The project was inspired by academic research conducted by Rice and the University of Houston, showing that fuel cell-enabled depth control could reduce AUVs' energy consumption by up to 85% compared to conventional thruster designs. Professor Fathi Ghorbel, the team's sponsor and a co-author on the study, highlighted the innovative use of electrolysis to transform water into hydrogen and oxygen gases for buoyancy control, mimicking the swim bladders of fish.

The BCDs incorporate reversible hydrogen fuel cells and balloons, allowing the robot to smoothly adjust its depth with minimal energy use. By applying voltage to the fuel cells, the device can increase buoyancy by ionizing distilled water into hydrogen and oxygen gases. Reverse electrolysis generates energy that the robot can harness, while sensors collect vital system information and orientation data underwater.

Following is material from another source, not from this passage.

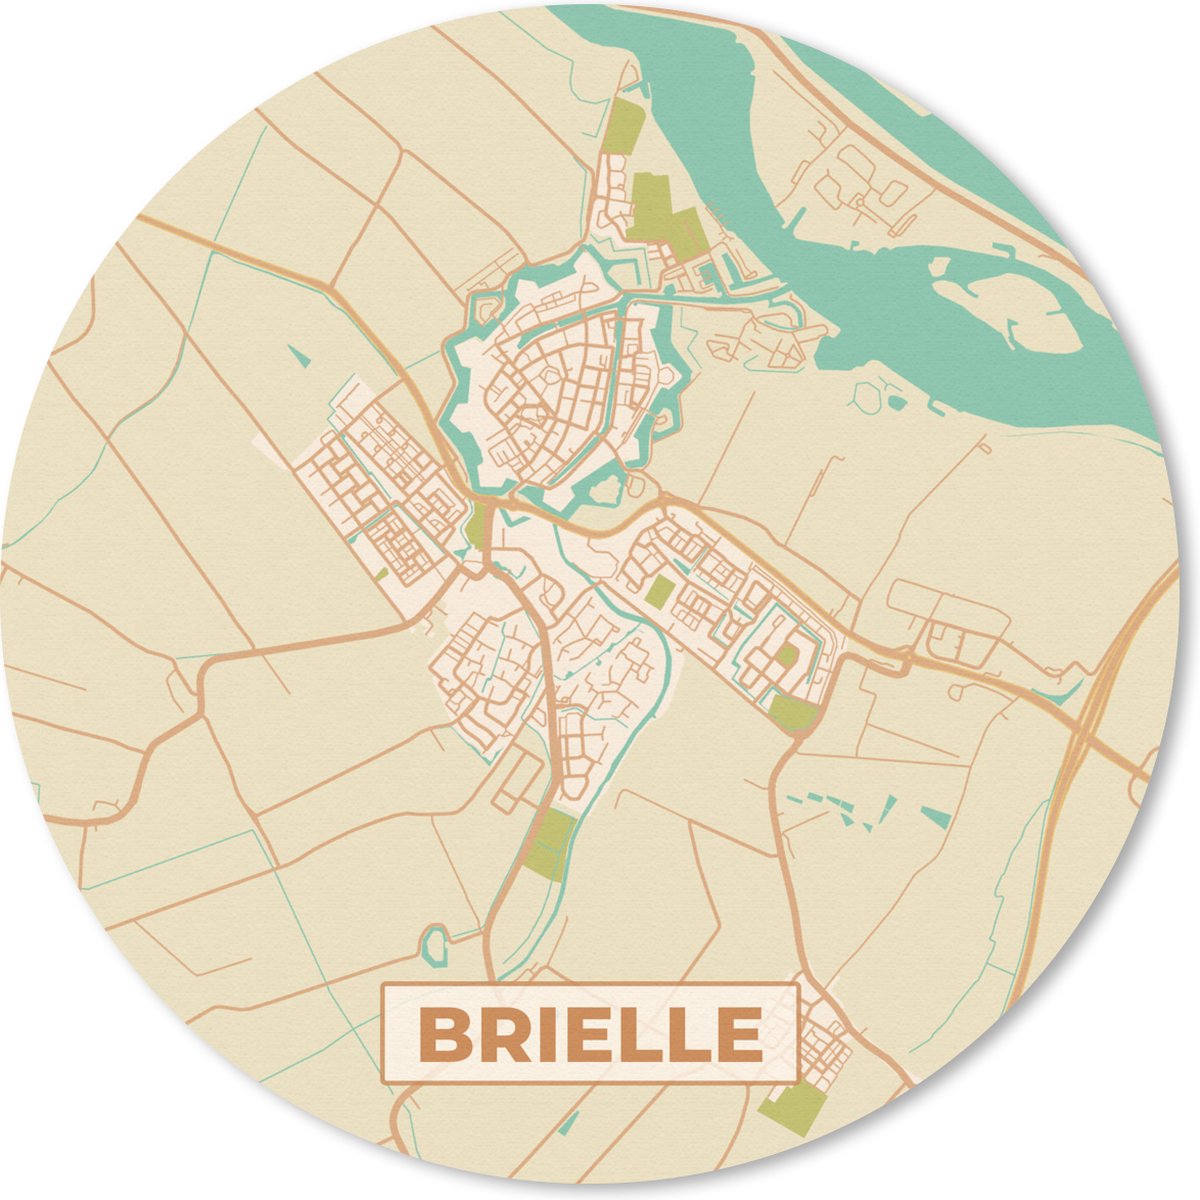 Muismat - Mousepad - Rond - Brielle - Kaart - Stadskaart - Plattegrond - Nederland - 20x20 cm - Ronde muismat

The team's project won second place in the Willy Revolution Award for Outstanding Innovation at the annual Huff OEDK Engineering Design Showcase, showcasing their dedication and hard work over the course of the project. The team emphasized the importance of teamwork and clear project scope in achieving their goals, highlighting the challenges and rewards of working on such an ambitious and groundbreaking project.

Overall, the development of this fuel cell-based buoyancy control device represents a significant advancement in underwater robotics technology, with potential applications across various industries and fields. The team's innovative approach and collaborative efforts have paved the way for future advancements in AUV technology and underwater operations.